Once he finds him, Musa attempts to attach himself to Khidr in order to learn from his example. But each time Khidr does something rather profound, Musa is reactive. The essence of patience is to separate ourselves from the impulse to immediate reaction, to wait and process before jumping to a conclusion. Each time, Musa reacts strongly to what he observes, passing judgement based on his own perspectives, biases, and frame of reference. He did however have the emotional maturity to realize immediately that he had acted so, and he apologized and swore to be more patient in the future. The really difficult thing to master, is to recognize the initial reaction in yourself, and catch a hold of that impulse and still it before allowing it to manifest in your behavior.
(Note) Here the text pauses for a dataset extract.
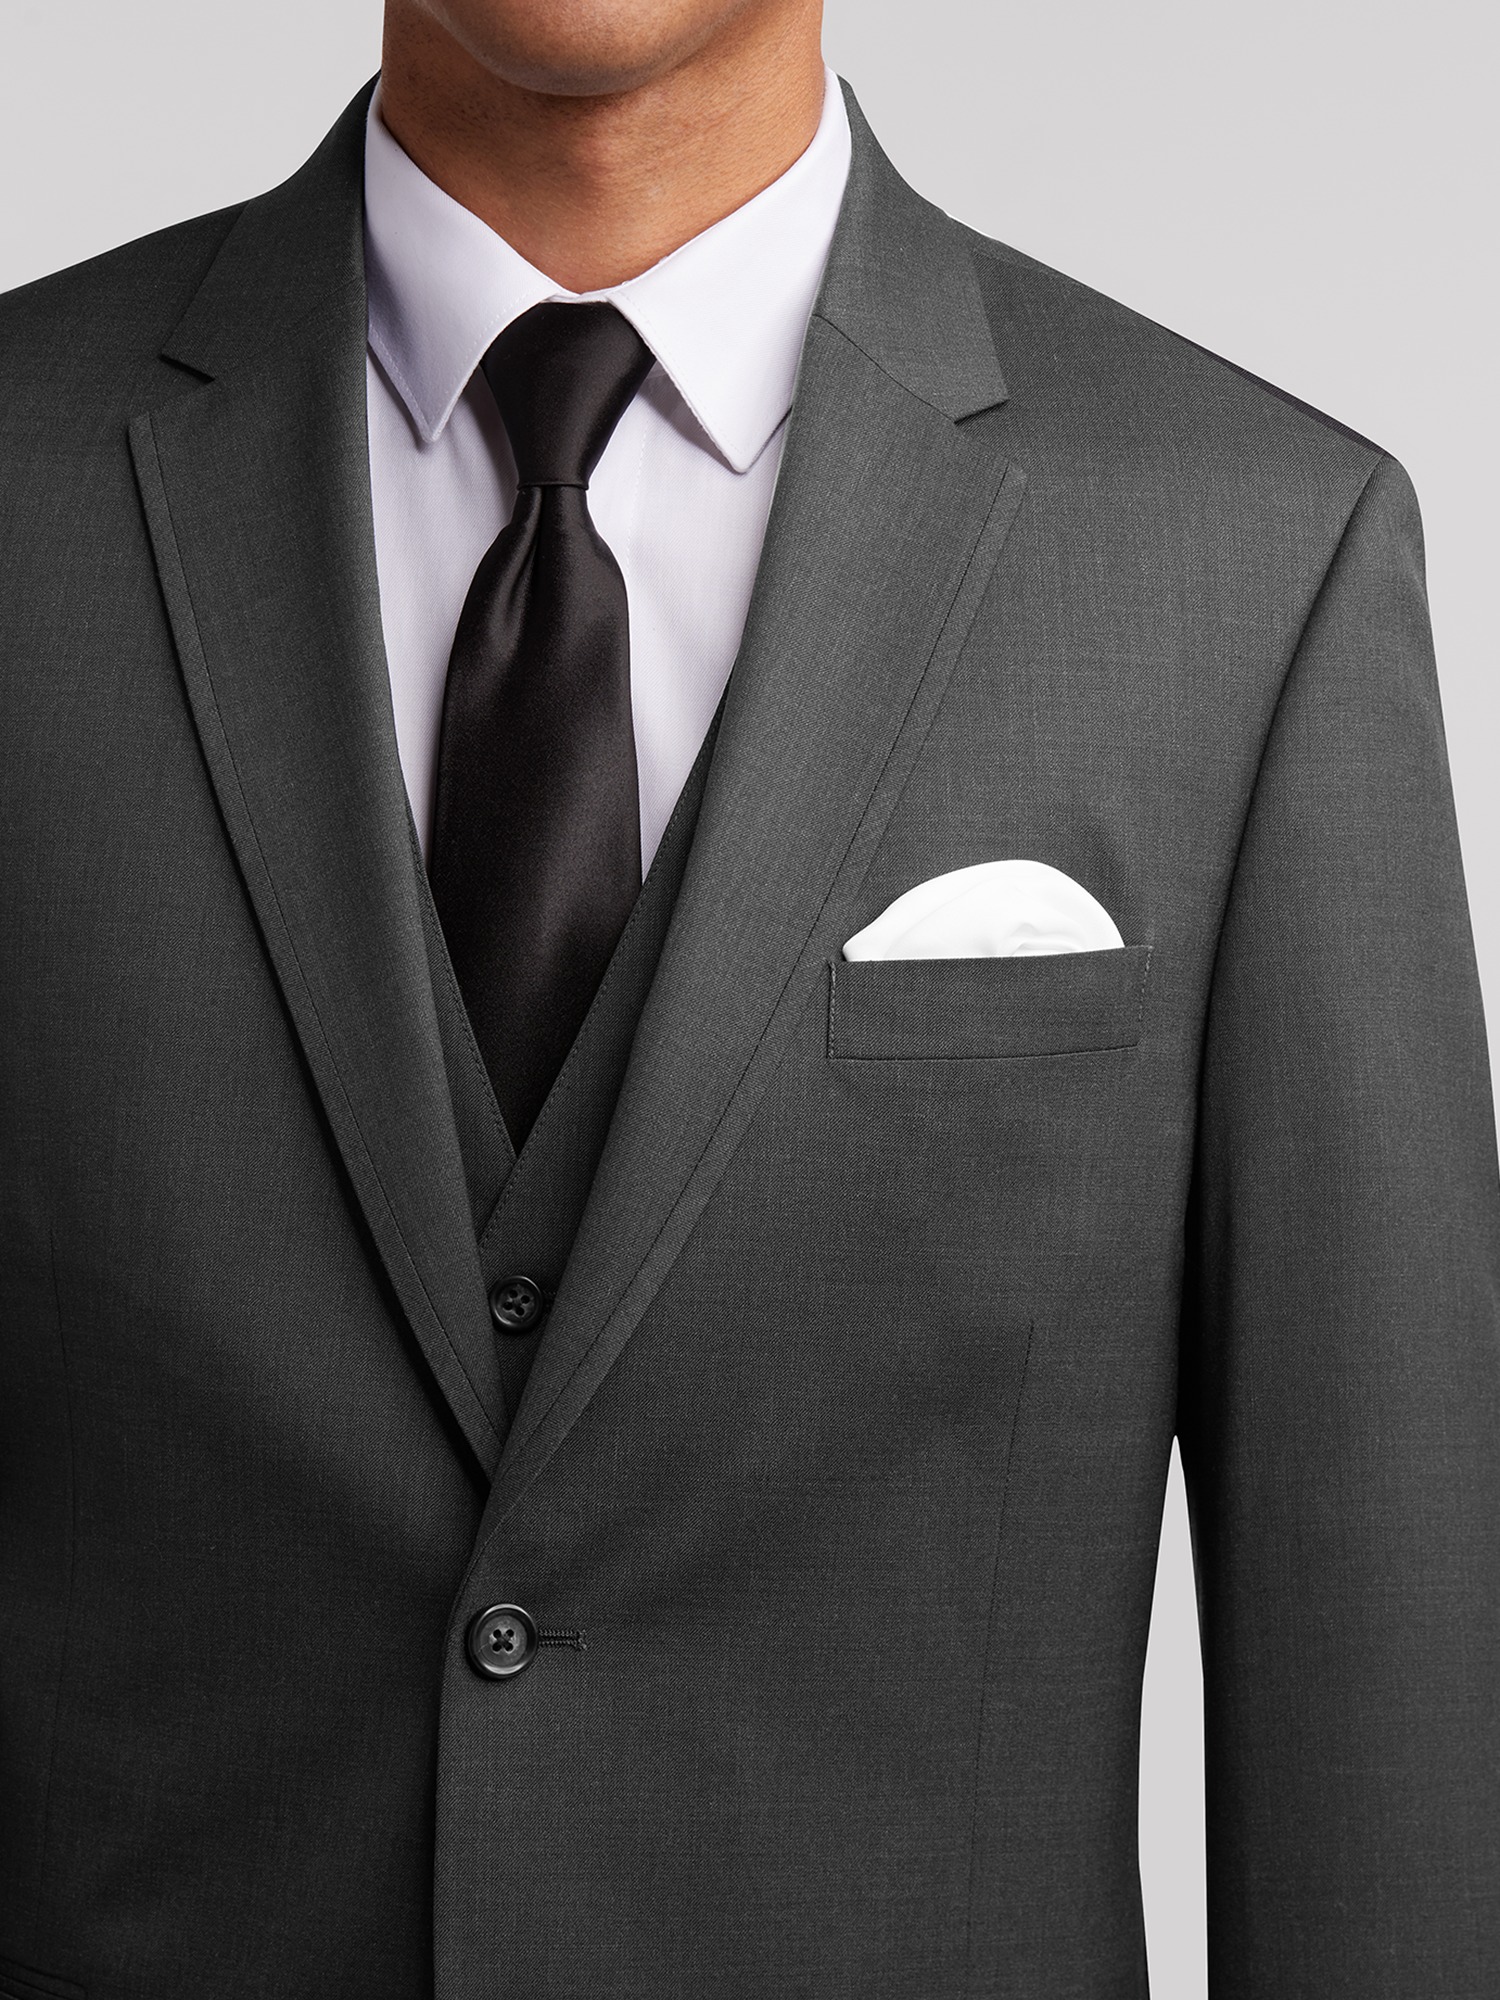 Performance Grey Suit by Calvin Klein | Suit Rental

Khidr was not an unwilling teacher, though he may have been reluctant, as he warned Musa from the beginning that he would not have the patience to bear with his company. In the end, though, he doesn’t tell Musa he’s stupid, and he doesn’t get angry. Instead he takes the time to explain the meaning behind his actions. But ultimately, he takes leave of Musa’s company.

Another part of emotional intelligence, is to make the sometimes hard decisions, to ultimately improve our environment in the pursuit of our own spiritual excellence. Seeking out good company, and leaving old acquaintances behind is not always easy, but it can be necessary in order for us to gain the clarity needed in our spiritual and emotional journey.